Your instructions:
Would you transcribe the data word for word?

Supplied data:
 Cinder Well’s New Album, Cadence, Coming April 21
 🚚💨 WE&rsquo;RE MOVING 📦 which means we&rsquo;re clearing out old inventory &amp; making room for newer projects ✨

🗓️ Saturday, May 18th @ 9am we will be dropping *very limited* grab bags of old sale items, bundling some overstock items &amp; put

Result:
 Cinder Well’s New Album, Cadence, Coming April 21
 🚚💨 WE&rsquo;RE MOVING 📦 which means we&rsquo;re clearing out old inventory &amp; making room for newer projects ✨

🗓️ Saturday, May 18th @ 9am we will be dropping *very limited* grab bags of old sale items, bundling some overstock items &amp; put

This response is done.